_RECORD EXCERPTS_

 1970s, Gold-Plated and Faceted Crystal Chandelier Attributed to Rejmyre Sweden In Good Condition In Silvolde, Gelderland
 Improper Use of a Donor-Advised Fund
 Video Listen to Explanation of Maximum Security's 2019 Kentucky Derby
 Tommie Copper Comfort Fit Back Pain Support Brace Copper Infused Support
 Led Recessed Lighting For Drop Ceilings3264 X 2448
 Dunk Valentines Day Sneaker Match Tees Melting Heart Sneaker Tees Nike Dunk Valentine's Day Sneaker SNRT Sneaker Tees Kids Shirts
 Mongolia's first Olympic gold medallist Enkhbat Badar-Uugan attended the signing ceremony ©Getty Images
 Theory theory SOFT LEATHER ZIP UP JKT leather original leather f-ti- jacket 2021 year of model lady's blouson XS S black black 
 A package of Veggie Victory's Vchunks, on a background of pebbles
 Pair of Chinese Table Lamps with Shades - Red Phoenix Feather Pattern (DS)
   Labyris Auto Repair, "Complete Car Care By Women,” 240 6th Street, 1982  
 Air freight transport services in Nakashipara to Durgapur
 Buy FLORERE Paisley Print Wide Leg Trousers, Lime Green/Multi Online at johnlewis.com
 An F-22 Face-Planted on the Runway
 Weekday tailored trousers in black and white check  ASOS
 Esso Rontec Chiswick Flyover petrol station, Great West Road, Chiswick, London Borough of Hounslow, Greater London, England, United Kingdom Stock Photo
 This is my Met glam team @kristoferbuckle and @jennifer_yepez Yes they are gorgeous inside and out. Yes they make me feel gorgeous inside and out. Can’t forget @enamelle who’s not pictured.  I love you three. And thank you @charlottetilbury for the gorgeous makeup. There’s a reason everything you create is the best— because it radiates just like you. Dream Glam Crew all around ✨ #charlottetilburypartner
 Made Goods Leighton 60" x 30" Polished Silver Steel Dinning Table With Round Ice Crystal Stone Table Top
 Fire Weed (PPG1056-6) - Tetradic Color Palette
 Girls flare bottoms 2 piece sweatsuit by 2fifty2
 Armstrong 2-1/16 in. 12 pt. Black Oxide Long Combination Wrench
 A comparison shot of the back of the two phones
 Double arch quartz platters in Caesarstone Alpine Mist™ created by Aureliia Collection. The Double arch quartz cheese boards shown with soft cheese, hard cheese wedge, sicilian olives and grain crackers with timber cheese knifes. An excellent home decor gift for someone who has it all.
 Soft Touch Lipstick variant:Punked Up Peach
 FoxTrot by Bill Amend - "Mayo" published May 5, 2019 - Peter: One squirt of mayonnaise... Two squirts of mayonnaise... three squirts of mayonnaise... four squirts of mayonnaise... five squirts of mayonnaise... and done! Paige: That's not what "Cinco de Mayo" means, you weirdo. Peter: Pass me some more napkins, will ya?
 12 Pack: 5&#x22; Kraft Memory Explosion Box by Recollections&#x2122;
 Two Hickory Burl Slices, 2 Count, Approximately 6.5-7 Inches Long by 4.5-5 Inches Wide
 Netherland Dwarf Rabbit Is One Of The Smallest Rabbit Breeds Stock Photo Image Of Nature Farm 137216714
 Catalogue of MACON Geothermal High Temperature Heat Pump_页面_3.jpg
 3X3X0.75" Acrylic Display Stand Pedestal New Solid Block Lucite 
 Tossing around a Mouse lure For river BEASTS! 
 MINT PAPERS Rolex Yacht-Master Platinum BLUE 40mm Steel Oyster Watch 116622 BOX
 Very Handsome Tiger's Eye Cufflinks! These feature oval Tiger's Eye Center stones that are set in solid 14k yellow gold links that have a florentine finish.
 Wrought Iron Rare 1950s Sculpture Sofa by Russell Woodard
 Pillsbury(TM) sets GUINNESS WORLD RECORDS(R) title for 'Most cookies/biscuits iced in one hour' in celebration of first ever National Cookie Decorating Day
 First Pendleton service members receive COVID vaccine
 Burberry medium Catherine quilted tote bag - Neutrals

_YOUR GOAL_
Give back the entries above exactly as they are, from their first line through the line that contains "Esso Rontec Chiswick", both included, with nothing else.

_RESULT FOR THIS TASK_
 1970s, Gold-Plated and Faceted Crystal Chandelier Attributed to Rejmyre Sweden In Good Condition In Silvolde, Gelderland
 Improper Use of a Donor-Advised Fund
 Video Listen to Explanation of Maximum Security's 2019 Kentucky Derby
 Tommie Copper Comfort Fit Back Pain Support Brace Copper Infused Support
 Led Recessed Lighting For Drop Ceilings3264 X 2448
 Dunk Valentines Day Sneaker Match Tees Melting Heart Sneaker Tees Nike Dunk Valentine's Day Sneaker SNRT Sneaker Tees Kids Shirts
 Mongolia's first Olympic gold medallist Enkhbat Badar-Uugan attended the signing ceremony ©Getty Images
 Theory theory SOFT LEATHER ZIP UP JKT leather original leather f-ti- jacket 2021 year of model lady's blouson XS S black black 
 A package of Veggie Victory's Vchunks, on a background of pebbles
 Pair of Chinese Table Lamps with Shades - Red Phoenix Feather Pattern (DS)
   Labyris Auto Repair, "Complete Car Care By Women,” 240 6th Street, 1982  
 Air freight transport services in Nakashipara to Durgapur
 Buy FLORERE Paisley Print Wide Leg Trousers, Lime Green/Multi Online at johnlewis.com
 An F-22 Face-Planted on the Runway
 Weekday tailored trousers in black and white check  ASOS
 Esso Rontec Chiswick Flyover petrol station, Great West Road, Chiswick, London Borough of Hounslow, Greater London, England, United Kingdom Stock Photo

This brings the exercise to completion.